_TASK TO COMPLETE_
Pictures in the data should be dropped; transcribe exactly the lines from the one that has "Dog and human shaking hands" through the one that has "Marietta Upholstered Game".
*** Opening DATA SHOWN ***
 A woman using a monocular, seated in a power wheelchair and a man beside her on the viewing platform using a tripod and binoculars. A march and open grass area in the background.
*** Closing DATA SHOWN ***
*** Opening DATA SHOWN ***
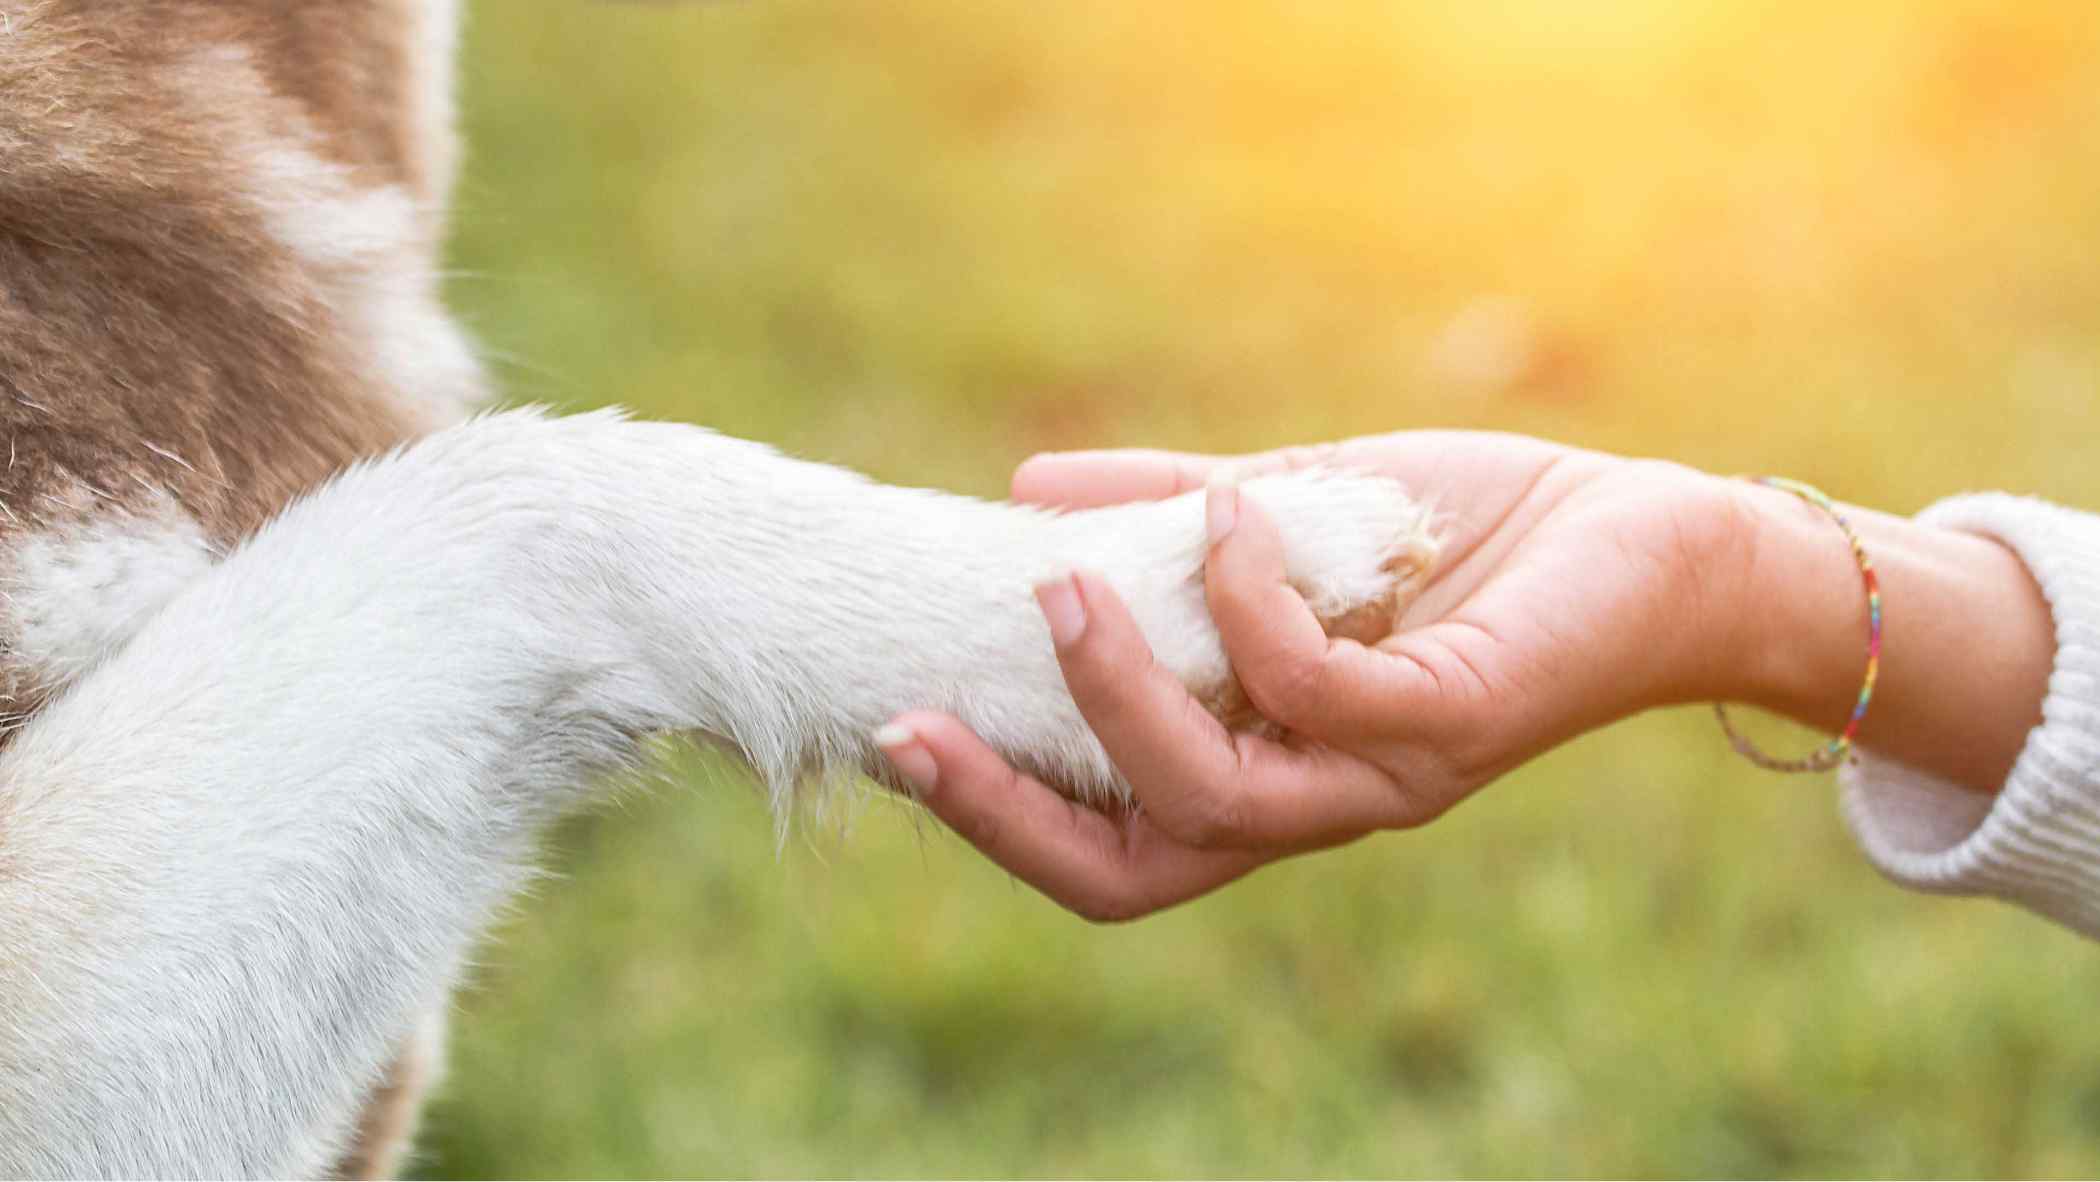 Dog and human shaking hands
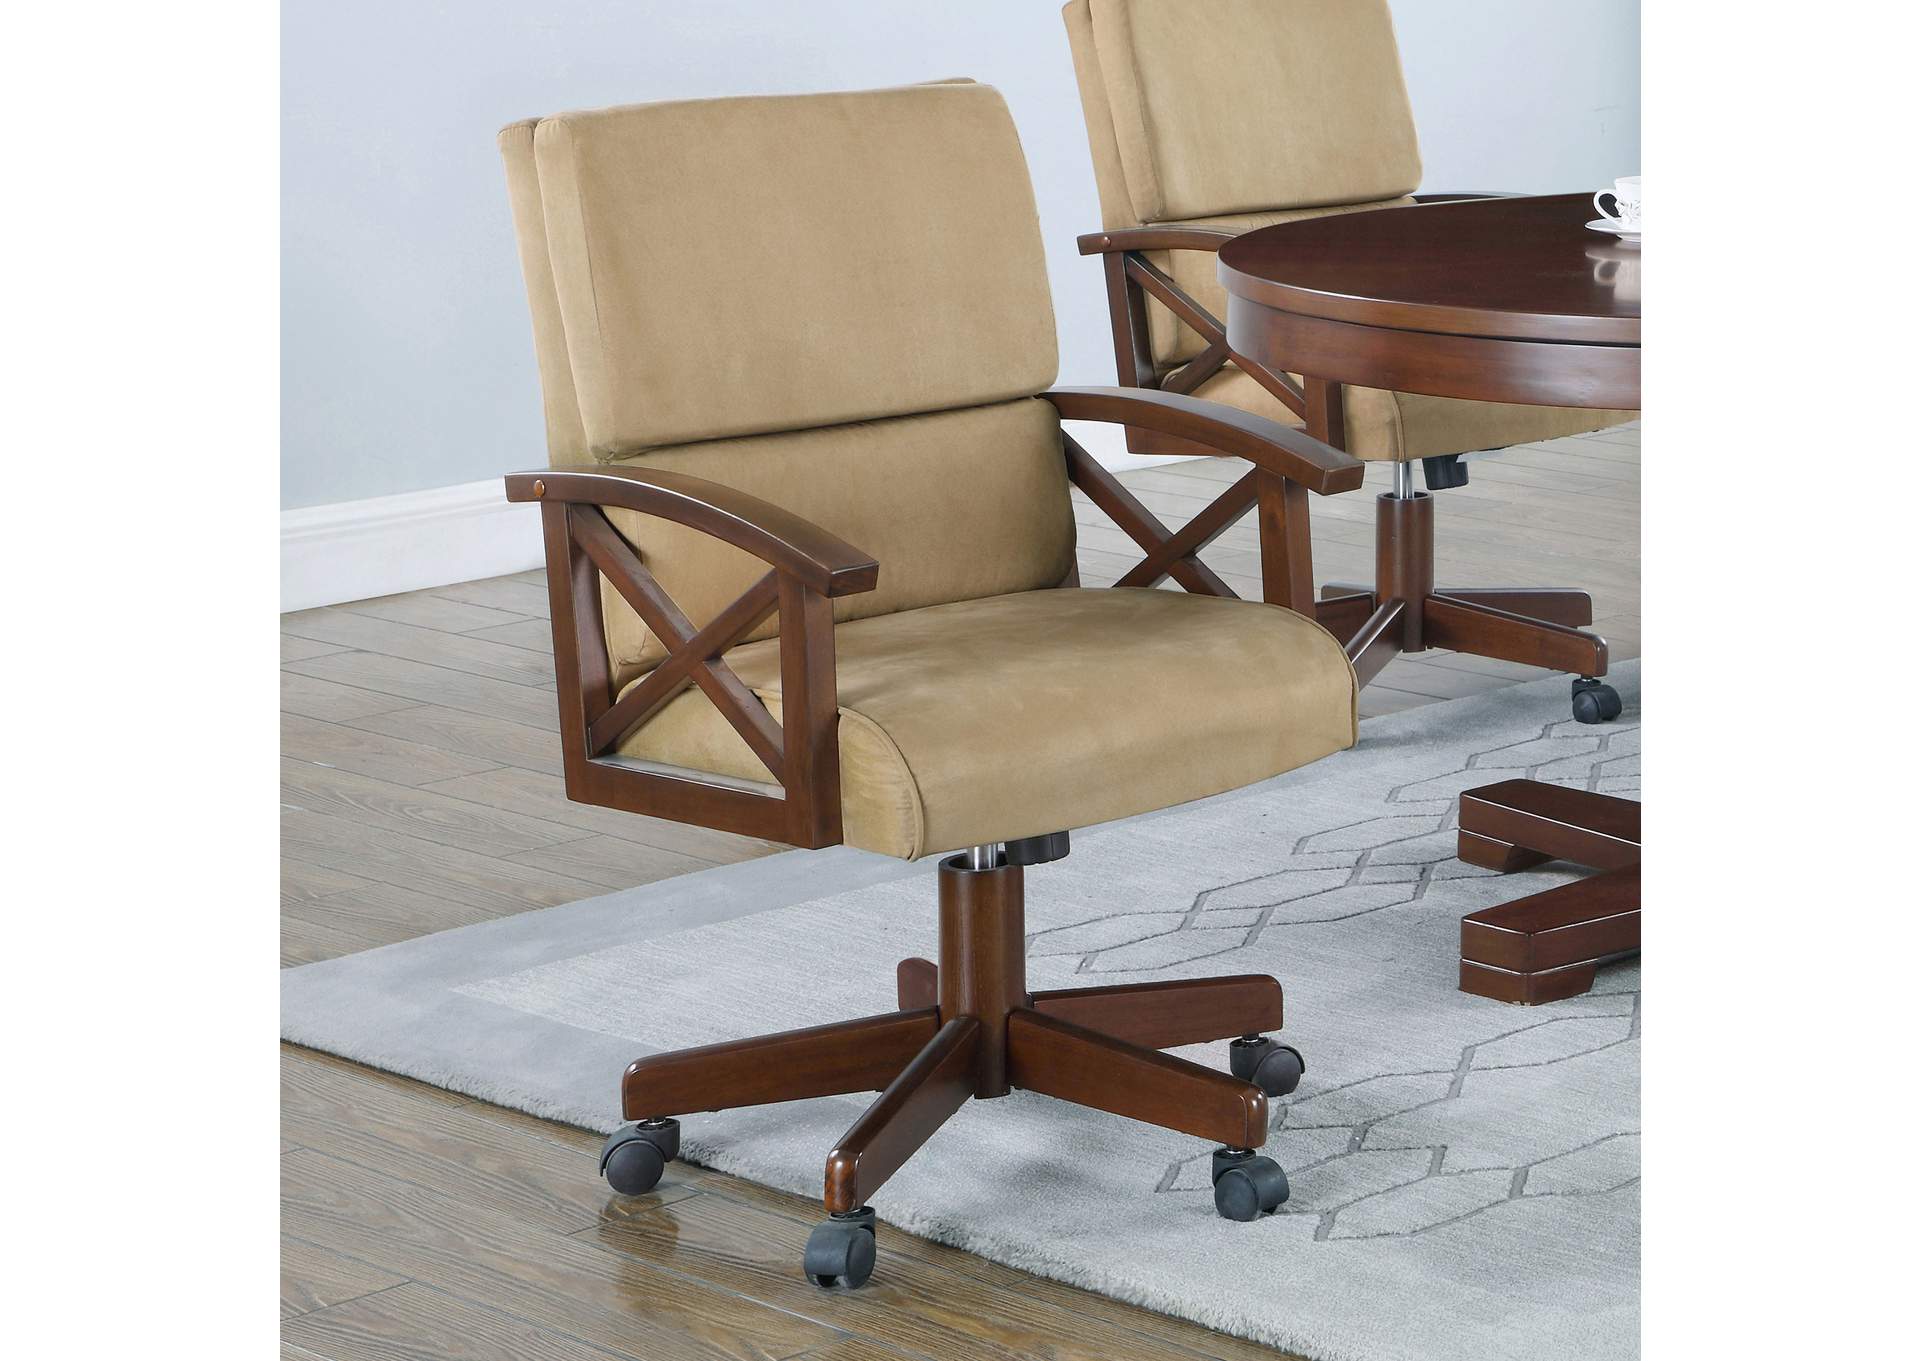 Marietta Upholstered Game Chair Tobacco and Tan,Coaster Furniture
*** Closing DATA SHOWN ***
_SOLUTION_
 Dog and human shaking hands
 Marietta Upholstered Game Chair Tobacco and Tan,Coaster Furniture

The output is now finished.